Another military member, a serviceman, had been hit in the back. He expressed pain as medical staff laid him on a medical cot, took off a bloody dressing and cleaned his recent injury from fragments. Wrapped in a thermal sheet, he used a mobile phone to ring his family member. “A piece of artillery struck me. It was a ricochet. My condition is stable,” he informed her. What comes next for him? “To get better. That will take a several months. After that, to go back to my military group. Our forces must defend our nation,” he said.

Medical staff treat the wounded soldier, who was hit in the dorsal area by a piece of mortar.
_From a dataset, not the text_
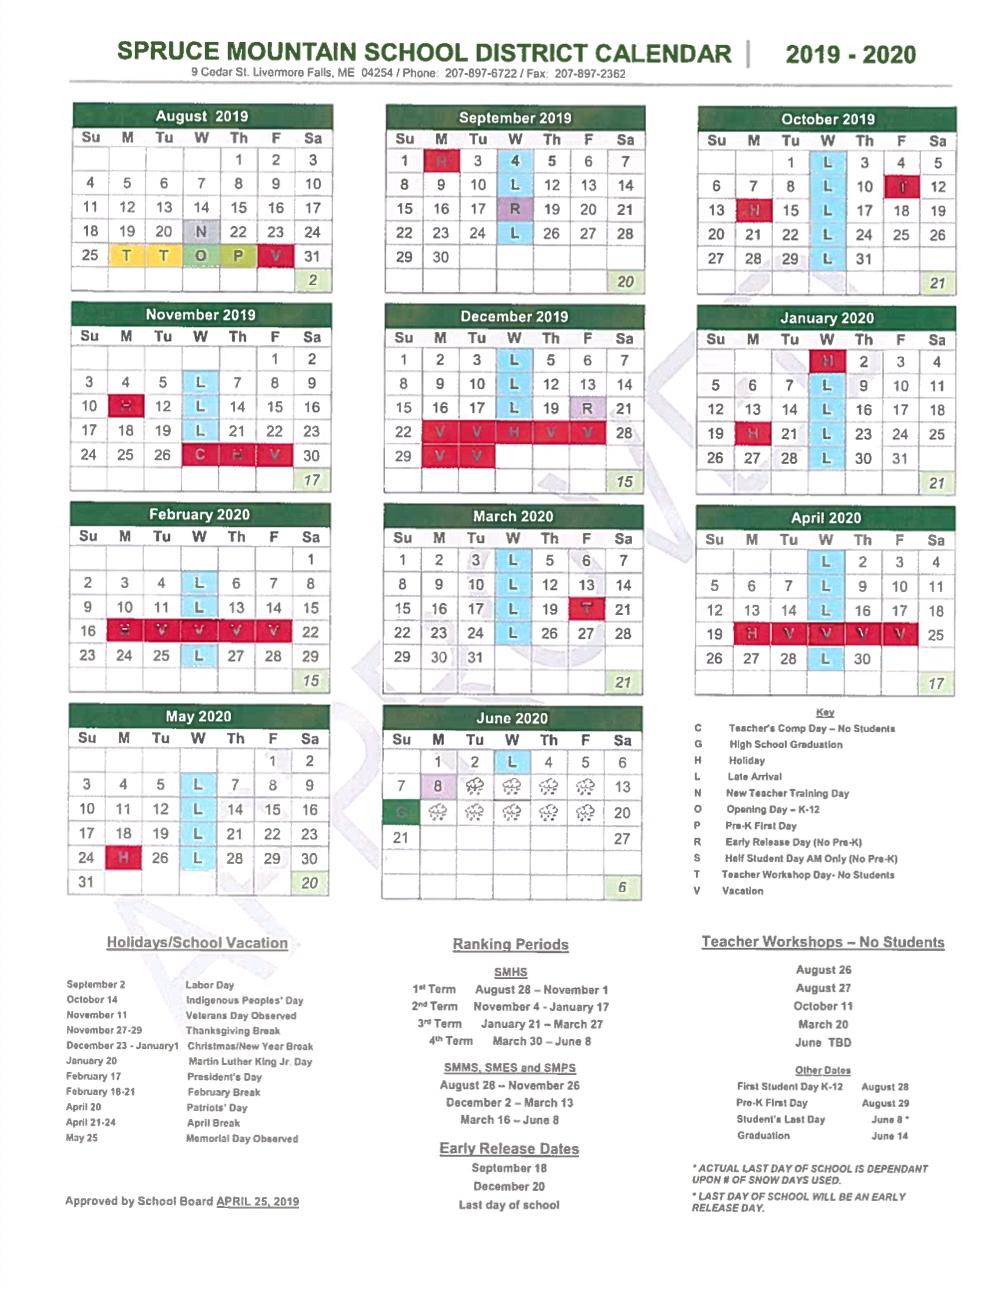 School Year Calendar - Spruce Mountain School District regarding Livermore School District Calander
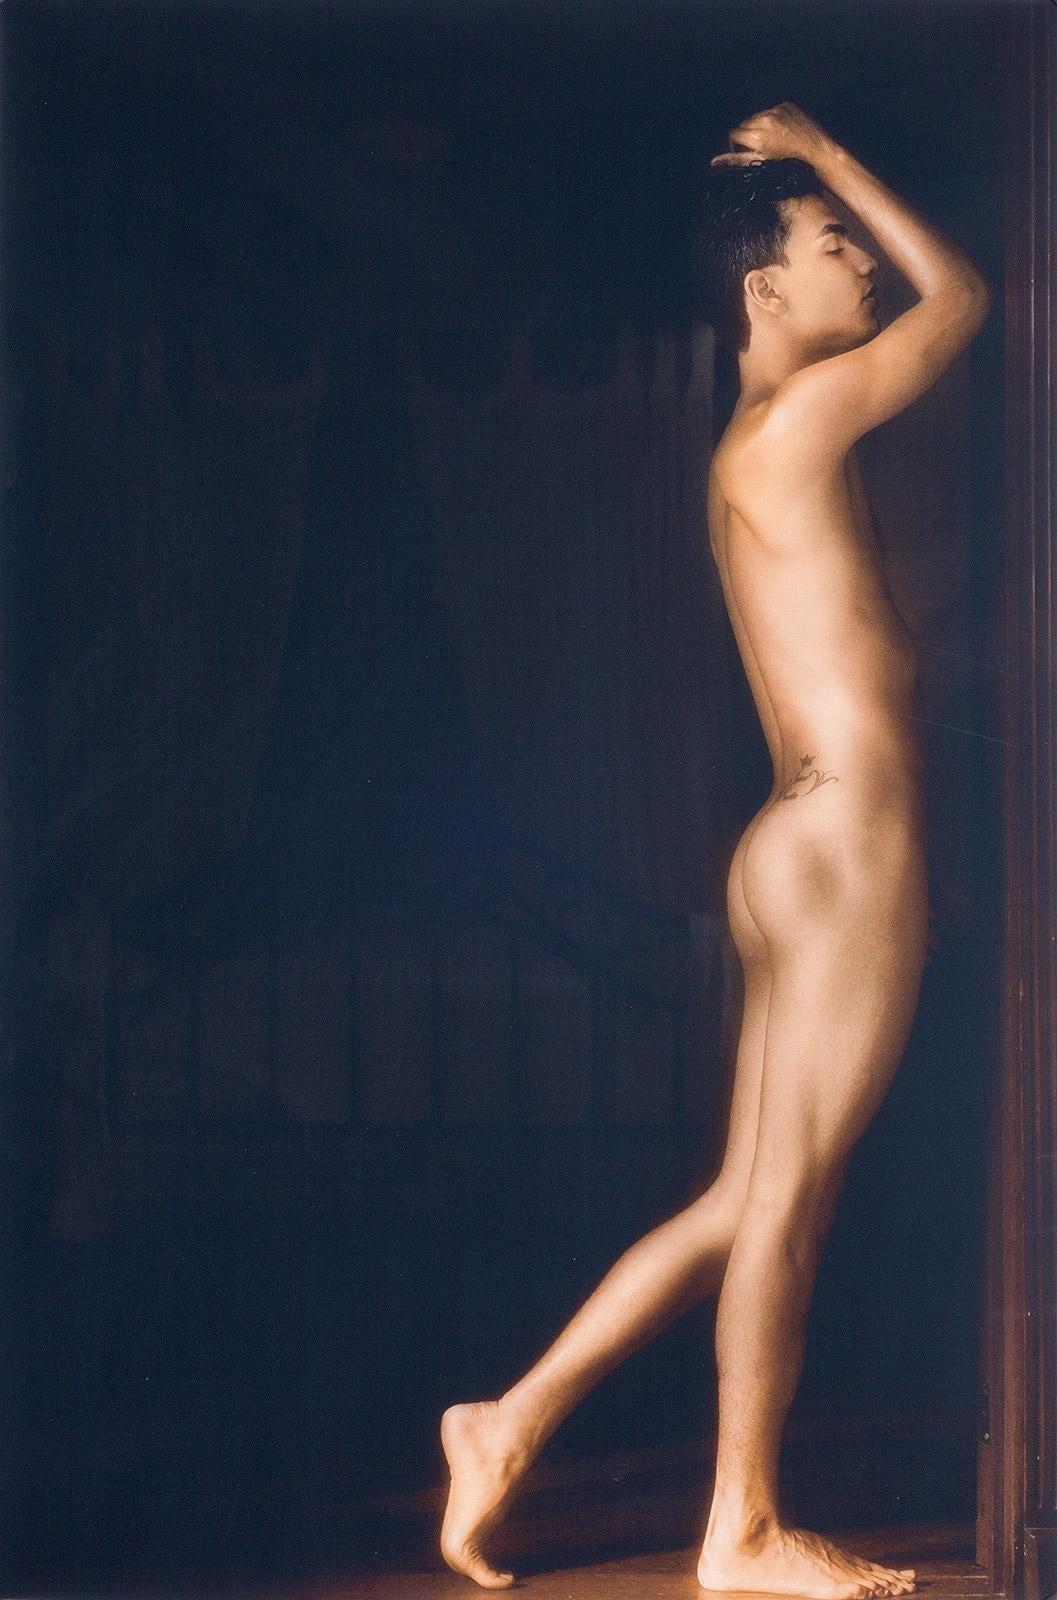 Lisa ann hardcore nude

Since 2022, enemy forces has consistently attacked medical centers, health facilities, maternity wards and emergency vehicles. According to international monitors, 261 health workers have been killed in almost 2,000 assaults. The underground facility is built from four steel bunkers, with timber beams, soil and sand laid on top up to the surface. It is designed to resist impacts from large-caliber projectiles and even three eight-kilogram explosive devices dropped by aerial means.

The Ukrainian steel and mining company, which funded the building, plans to build 20 facilities in total. The head of the nation's national security council and former defence minister, the official, said they would be “critically important for saving the survival of our military and assisting troops on the frontline.” The company referred to the project as the “largest-scale and demanding” it had implemented after the enemy's invasion.

An example of the centre’s operating theatres.

The surgeon, said some injured personnel had to endure delays hours or even days before they could be evacuated due to the threat of aerial attacks. “We had two severely injured patients who came at 3am. I had to carry out a double amputation on a patient. His bleeding control device had been applied for such an extended period there was no other option.” How did he cope with severe operations? “I’ve been healthcare for two decades. You have to concentrate,” he remarked.

Medical assistants transported Mykolaichuk up the passage and into an ambulance. The transport was stationed beneath a bush. He and the two other soldiers were taken to the city of a major city for additional medical care. The subterranean hospital staff paused for rest. The hospital’s ginger cat, Vasilevs, walked toward the doorway to await the incoming patients. “We are open 24 hours a day,” the surgeon said. “It doesn’t stop.”

Lindsey Dawson
Lindsey Dawson

Maya is a tech strategist with over a decade of experience in digital innovation and enterprise solutions, passionate about bridging technology and business goals.